Die Stuttgarter Musikerin Nuria Noba
Musik baut Brücken
„Viel zu weiß für ‘ne Arab, viel zu farbig für dich“ – eine Zeile, die tief blicken lässt. Und zwar in das Leben der Stuttgarter Musikerin Nuria Noba, die eigentlich Jasmin Kleinheins heißt. Im Gespräch erzählt die 25-Jährige mit einer reflektierten Ruhe über ihren bisherigen Lebensweg, über ihr Musikerinnen-Dasein und ihre ägyptischen Wurzeln, redet nie unüberlegt und immer mit Bedacht über Themen wie Herkunft, Identität und Dazugehören. Dabei spricht aus der Zeile ihres Rap-Songs 327 auch Wut: „In meiner Schulzeit wollte ich immer dazugehören. Ich war wie ein Chamäleon und habe mich je nach Gruppe angepasst. Ich habe lange gebraucht, um zu merken, dass ich nicht wie die anderen bin“, erzählt sie. Und beschreibt damit das Gefühlschaos, das lange in ihr herrschte – als Person mit postmigrantischer Geschichte, die in der schwäbischen Provinz bei Schorndorf aufwuchs.
In ihren Songs verarbeitet die Rapperin mitunter schwere Herzensthemen wie Identitätsfragen, Ausgrenzung oder der Verlust ihres Vaters, der in sein Heimatland Ägypten zurückging, als sie noch ein Kind war. „Es gab in meinem Leben immer viele Fragezeichen“, sagt sie. Musik war Kleinheins‘ Ventil, das ihr bereits in die Wiege gelegt wurde: Beide Elternteile sind Berufsmusiker und sie musizierte selbst von klein auf – gemeinsam mit ihrer Schwester auf dem Klavier, an der Gitarre oder Bratsche. „Ich bin Emotionsmusikerin, Musik war für mich der Zugang zum Leben, ein Gefühl von absoluter Freiheit“, erzählt sie. Ihre Erinnerungen an und die Sehnsucht nach dem Vater drückte sie in ihren Songs aus: „Musik war immer meine Konstante, meine Sicherheit im Leben – das einzige, das mich nie verlässt und das immer bleibt“.
Es ist wenig verwunderlich, dass Jasmin Kleinheins ihren Weg als Musikerin weiter ging: Derzeit studiert sie Jazz-Gesang an der Musikhochschule Stuttgart, hat als Nuria Noba kürzlich das Album Liladillet – ein Mix aus Jazz, Pop, Neo-Soul und Rap – veröffentlicht, ein weiteres wird im Sommer folgen.

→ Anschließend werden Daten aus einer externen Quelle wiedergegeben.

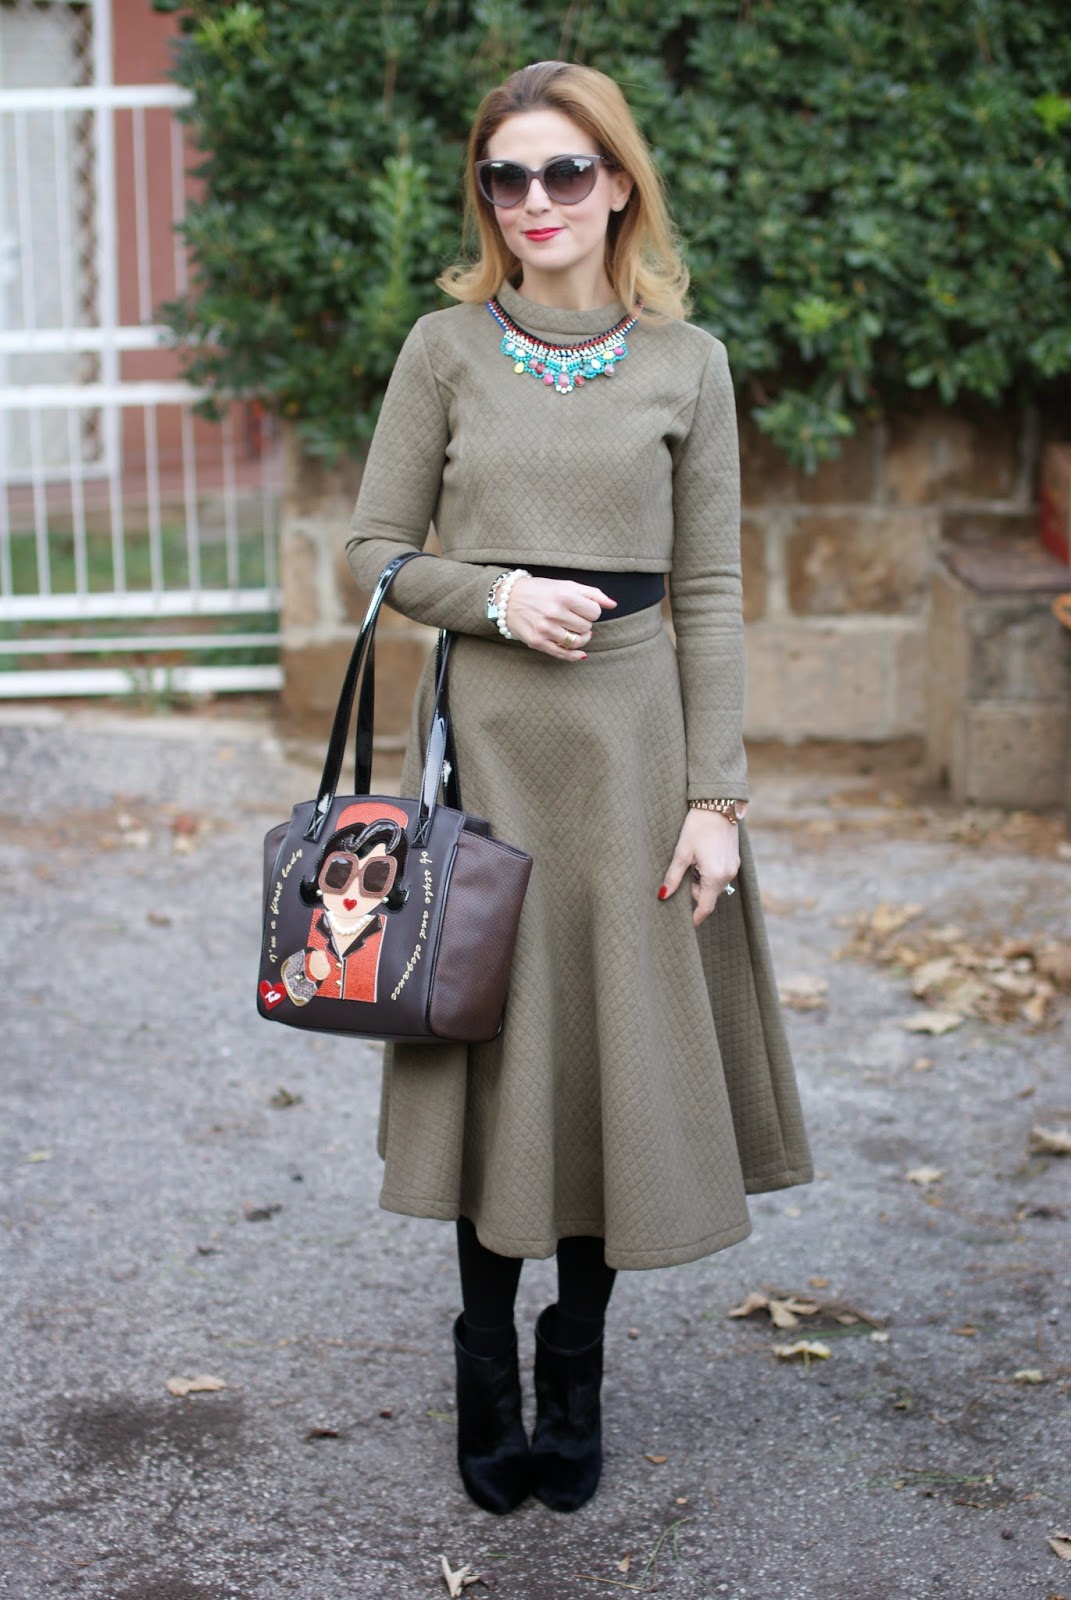 Quilted crop top and midi skirt, Braccialini Jackie Kennedy bag, Le Silla ankle boots, Fashion and Cookies, fashion blogger

Ihren Ausdruck in der Musik hat sie mittlerweile im Songwriting gefunden. „Das gibt mir einen Anker, ich kann eine Metaebene und Beobachterinnenrolle einnehmen“, beschreibt sie es. Ihre eigene Geschichte und das Aufzeichnen ihrer Gedanken haben die Studentin zum Lieder schreiben ermutigt. Und ihr Antworten gegeben. Auch als Kleinheins im vergangenen Jahr das erste Mal nach Kairo reiste, um ihren Vater und ihre dortige Familie zu treffen. „Ich hatte zunächst auch Angst und habe dann schnell gemerkt, dass mein Bild von der Realität dort weit entfernt war.“ Fern von der im konservativen Schwabenland mitunter rassistisch vorgeprägten Perspektive fühlte sie sich dort „so gut aufgehoben. Ich habe meine Wurzeln kennengelernt, Frieden mit den zwei Welten in mir gefunden und ich kann seitdem meine Identität mehr einordnen.“
Ihre eigenen Erfahrungen möchte die Musikerin mit Menschen, die ähnliches erlebt haben, teilen. „Dabei will ich mit meinen Songs keine konkrete Message senden, eher zum Selbstausdruck ermutigen – denn das kann Erleichterung verschaffen“, sagt sie. Ihr Weg, sich auszudrücken und ihre Gefühle zu verarbeiten ist selbstredend die Musik. „Musik baut außerdem Brücken, egal woher man kommt“, ist Kleinheins sich sicher. Ihre eigene Brücke Stuttgart-Kairo besteht fort – und sie wünscht sich, dass es auch in unserer Gesellschaft nicht weiter ums Brücken einreißen geht. „Wir sind eine postmigrantische Gesellschaft, das ist unsere Realität“, sagt sie. Die Menschen sollten sich mehr fragend und staunend begegnen, versuchen einander zu verstehen statt zu verurteilen. Für Kleinheins müssen gerade dafür Räume geschaffen werden. Ob durch Musik oder andere Ausdrucksweisen.